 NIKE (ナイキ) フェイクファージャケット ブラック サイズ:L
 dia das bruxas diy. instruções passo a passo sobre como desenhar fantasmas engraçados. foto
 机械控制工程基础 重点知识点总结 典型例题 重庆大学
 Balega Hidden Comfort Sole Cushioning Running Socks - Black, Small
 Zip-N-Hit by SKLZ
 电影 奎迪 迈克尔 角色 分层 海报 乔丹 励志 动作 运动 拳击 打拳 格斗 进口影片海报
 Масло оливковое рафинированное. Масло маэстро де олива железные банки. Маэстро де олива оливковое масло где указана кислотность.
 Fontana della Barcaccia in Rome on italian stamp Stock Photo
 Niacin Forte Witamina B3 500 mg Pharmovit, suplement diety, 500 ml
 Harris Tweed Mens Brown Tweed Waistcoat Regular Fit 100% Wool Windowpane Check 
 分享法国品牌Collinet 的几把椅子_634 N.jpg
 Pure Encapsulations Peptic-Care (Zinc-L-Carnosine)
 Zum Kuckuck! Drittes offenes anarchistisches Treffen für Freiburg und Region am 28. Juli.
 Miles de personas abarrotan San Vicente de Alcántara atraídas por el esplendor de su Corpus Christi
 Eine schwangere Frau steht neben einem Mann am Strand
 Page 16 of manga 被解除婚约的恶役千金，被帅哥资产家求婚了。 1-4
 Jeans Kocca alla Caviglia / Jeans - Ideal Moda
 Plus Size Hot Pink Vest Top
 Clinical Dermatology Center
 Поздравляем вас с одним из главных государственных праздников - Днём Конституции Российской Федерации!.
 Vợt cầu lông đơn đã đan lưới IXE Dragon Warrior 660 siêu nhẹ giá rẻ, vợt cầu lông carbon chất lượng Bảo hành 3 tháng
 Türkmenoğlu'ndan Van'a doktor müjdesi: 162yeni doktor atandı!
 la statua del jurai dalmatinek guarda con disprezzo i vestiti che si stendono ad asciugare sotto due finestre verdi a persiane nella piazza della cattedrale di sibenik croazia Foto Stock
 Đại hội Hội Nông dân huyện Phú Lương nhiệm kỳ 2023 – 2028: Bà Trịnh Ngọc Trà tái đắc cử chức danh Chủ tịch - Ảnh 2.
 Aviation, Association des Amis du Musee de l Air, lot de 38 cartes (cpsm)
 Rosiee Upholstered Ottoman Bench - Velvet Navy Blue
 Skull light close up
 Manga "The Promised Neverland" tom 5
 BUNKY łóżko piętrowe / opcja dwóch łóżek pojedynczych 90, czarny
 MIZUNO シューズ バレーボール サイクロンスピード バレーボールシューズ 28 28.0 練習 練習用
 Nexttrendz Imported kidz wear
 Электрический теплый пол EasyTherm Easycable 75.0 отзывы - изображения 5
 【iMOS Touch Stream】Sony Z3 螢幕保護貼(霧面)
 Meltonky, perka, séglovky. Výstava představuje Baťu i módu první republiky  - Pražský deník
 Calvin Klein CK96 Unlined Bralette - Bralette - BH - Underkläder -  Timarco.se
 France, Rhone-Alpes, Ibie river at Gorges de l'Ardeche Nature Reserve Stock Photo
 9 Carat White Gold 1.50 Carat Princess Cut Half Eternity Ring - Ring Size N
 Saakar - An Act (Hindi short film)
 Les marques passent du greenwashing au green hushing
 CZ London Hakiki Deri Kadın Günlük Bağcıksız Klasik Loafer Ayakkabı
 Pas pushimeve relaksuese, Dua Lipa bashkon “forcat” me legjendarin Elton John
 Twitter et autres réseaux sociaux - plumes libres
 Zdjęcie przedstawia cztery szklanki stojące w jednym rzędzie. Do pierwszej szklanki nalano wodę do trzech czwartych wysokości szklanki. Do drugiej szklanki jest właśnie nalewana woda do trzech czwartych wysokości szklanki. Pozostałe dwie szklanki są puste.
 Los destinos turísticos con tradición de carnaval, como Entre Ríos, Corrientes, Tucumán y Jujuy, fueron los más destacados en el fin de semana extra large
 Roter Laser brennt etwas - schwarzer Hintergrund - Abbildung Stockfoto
────────────────────
EXERCISE AIM:
Retype the records above, but only those lines that fall between the line containing "Поздравляем вас с" and the line containing "Türkmenoğlu'ndan Van'a doktor", with both of those lines included, exactly as written.

SOLUTION TO THIS PROBLEM:
 Поздравляем вас с одним из главных государственных праздников - Днём Конституции Российской Федерации!.
 Vợt cầu lông đơn đã đan lưới IXE Dragon Warrior 660 siêu nhẹ giá rẻ, vợt cầu lông carbon chất lượng Bảo hành 3 tháng
 Türkmenoğlu'ndan Van'a doktor müjdesi: 162yeni doktor atandı!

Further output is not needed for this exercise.